In this article, we will walk through the basic uses of a group by function in panda’s python. All commands are executed on the Pycharm editor.
Let’s discuss the main concept of the group with the help of the employee’s data. We have created a dataframe with some useful employee details (Employee_Names, Designation, Employee_city, Age).

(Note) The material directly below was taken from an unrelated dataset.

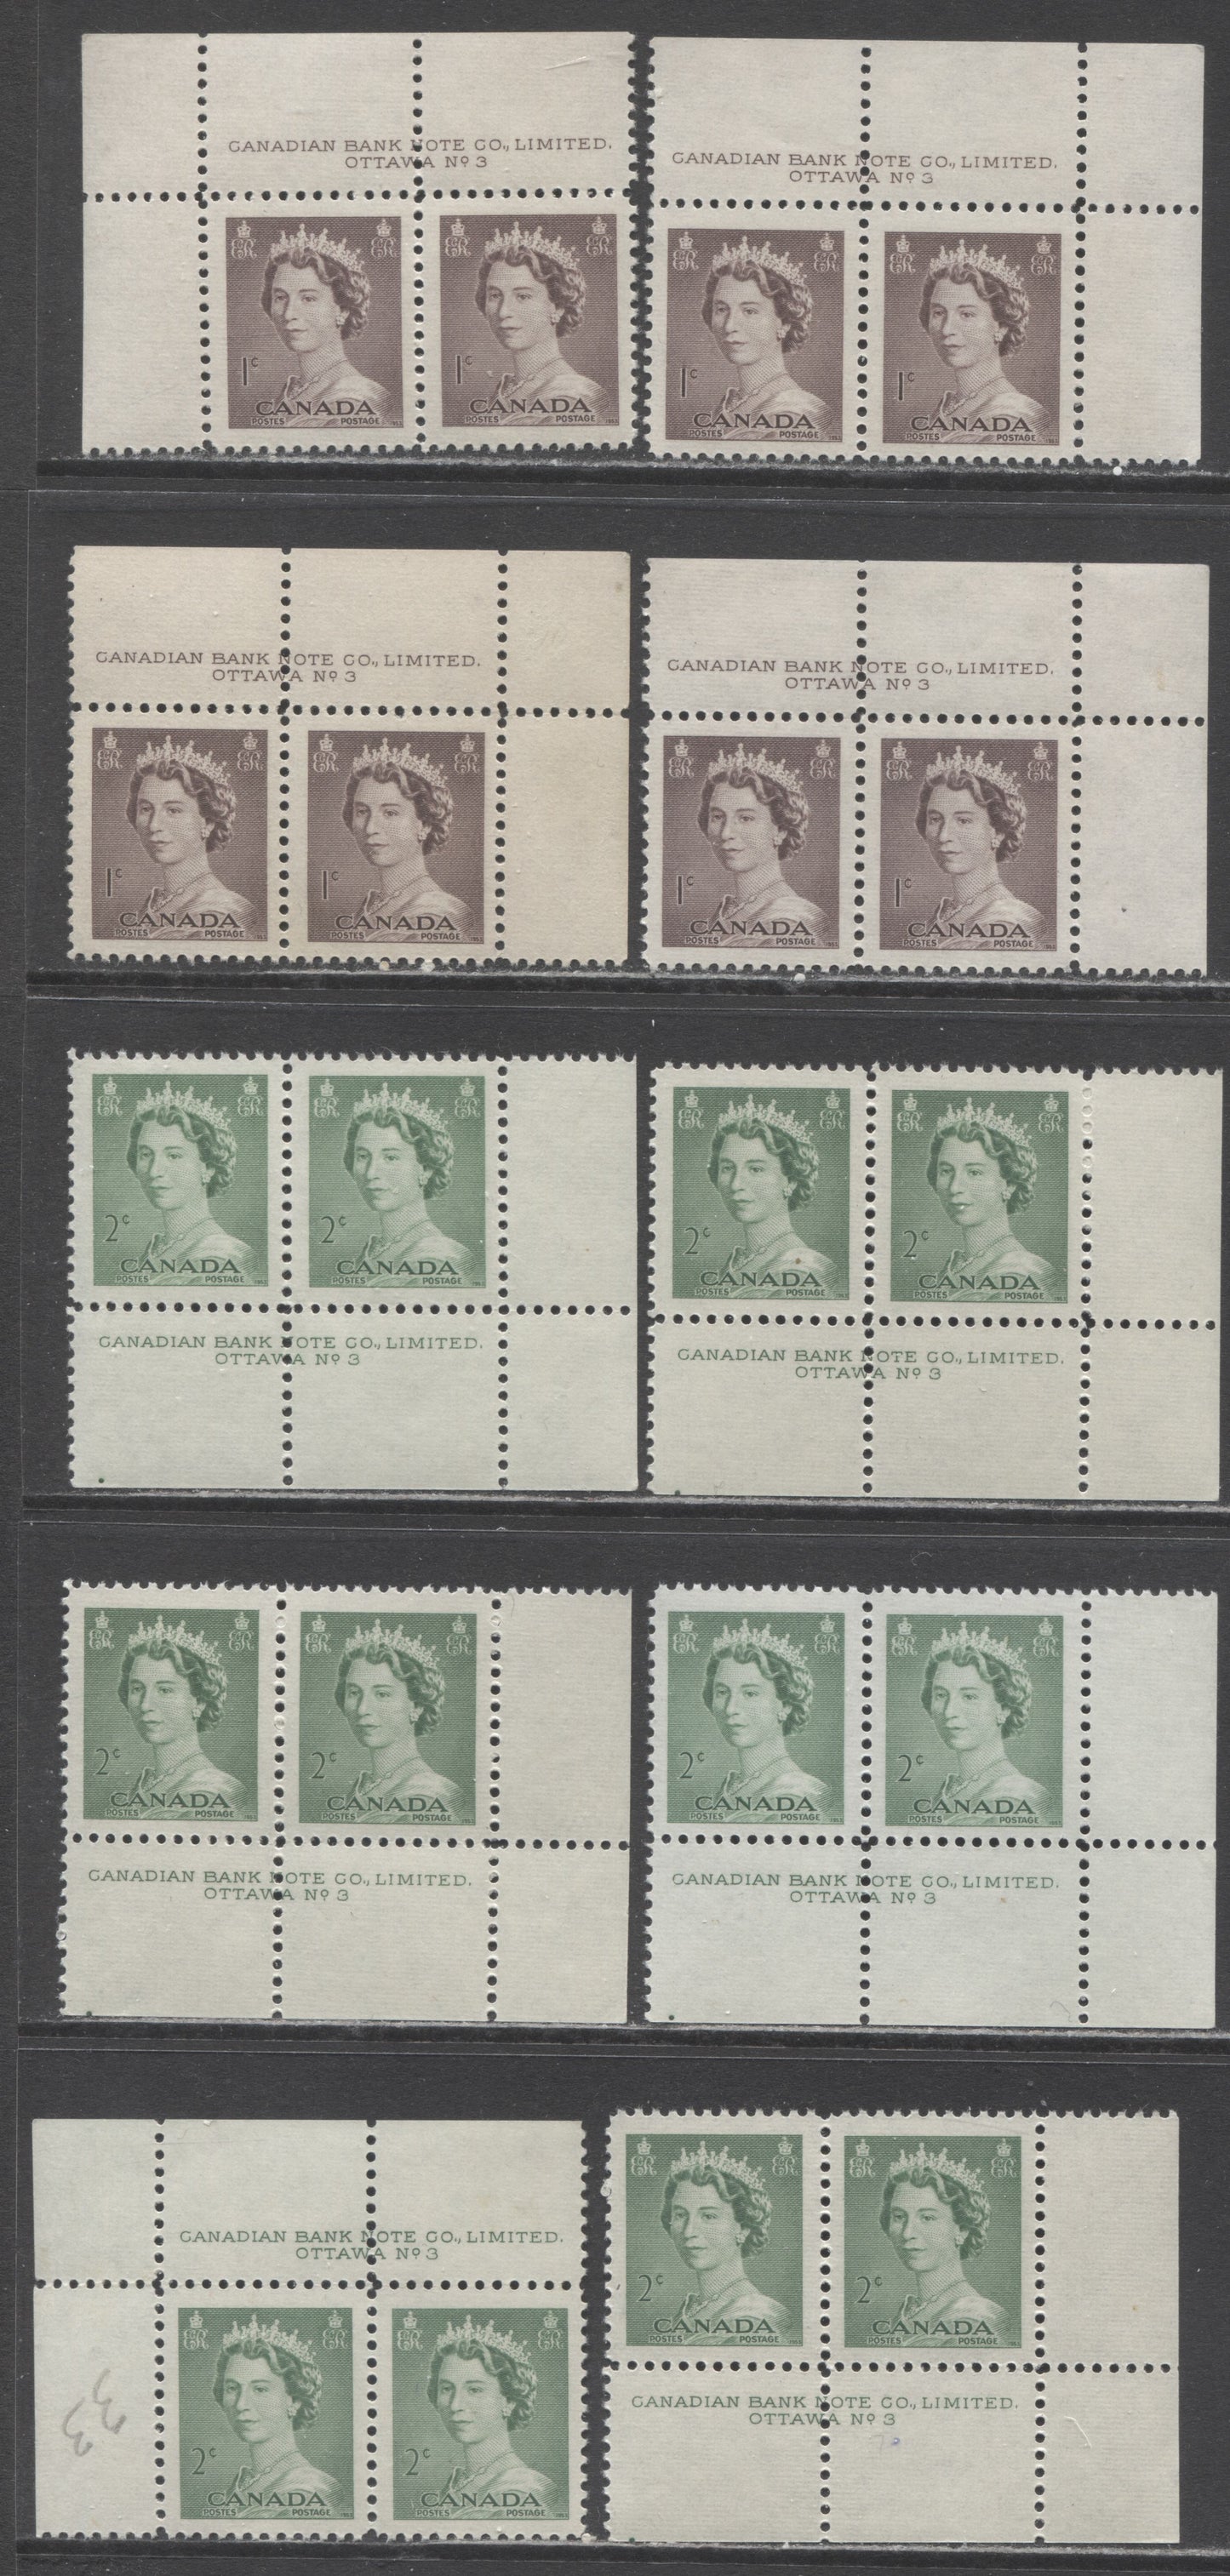 Lot 235 Canada #325-326 1c-2c Violet Brown & Pale Green Queen Elizabeth II, 1953-1954 Karsh Issue, 10 VFNH Plate 3 Inscription Pairs, Various Shades, Different Perfs

String Concatenation using Group by Function
Using the groupby function, you can concatenate strings. Same records can be joined with ‘,’ in a single cell.
Example
In the following example, we have sorted data based on the employees ‘Designation’ column and joined the Employees who have the same designation. The lambda function is applied on ‘Employees_Name’.
df = pd.DataFrame({
'Employee_Names':['Sam', 'Ali' , 'Umar', 'Raees', 'Mahwish', 'Hania', 'Mirha', 'Maria', 'Hamza'],
'Designation':['Manager', 'Staff', 'IT officer', 'IT officer', 'HR', 'Staff', 'HR', 'Staff', 'Team Lead'],
'Employee_city':['Karachi', 'Karachi', 'Islamabad', 'Islamabad', 'Quetta', 'Lahore', 'Faislabad', 'Lahore', 'Islamabad'],
'Employee_Age':[60, 23, 25, 32, 43, 26, 30, 23, 35]
})
df1=df.groupby("Designation")['Employee_Names'].apply(lambda Employee_Names: ','.join(Employee_Names))
print(df1)
When the above code is executed, the following output displays:
Sorting Values in an ascending order
Use the groupby object into a regular dataframe by calling ‘.to_frame()’ and then use reset_index() for reindexing. Sort column values by calling sort_values().
Example
In this example, we will sort the Employee’s age in ascending order. Using the following piece of code, we have retrieved the ‘Employee_Age’ in ascending order with ‘Employee_Names’.
df = pd.DataFrame({
'Employee_Names':['Sam', 'Ali' , 'Umar', 'Raees', 'Mahwish', 'Hania', 'Mirha', 'Maria', 'Hamza'],
'Designation':['Manager', 'Staff', 'IT officer', 'IT officer', 'HR', 'Staff', 'HR', 'Staff', 'Team Lead'],
'Employee_city':['Karachi', 'Karachi', 'Islamabad', 'Islamabad', 'Quetta', 'Lahore', 'Faislabad', 'Lahore', 'Islamabad'],
'Employee_Age':[60, 23, 25, 32, 43, 26, 30, 23, 35]
})
df1=df.groupby('Employee_Names')['Employee_Age'].sum().to_frame().reset_index().sort_values(by='Employee_Age')
print(df1)
Use of aggregates with groupby
There are a number of functions or aggregations available that you can apply on data groups such as count(), sum(), mean(), median(), mode(), std(), min(), max().
Example
In this example, we have used a ‘count()’ function with groupby to count the Employees who belong to the same ‘Employee_city’.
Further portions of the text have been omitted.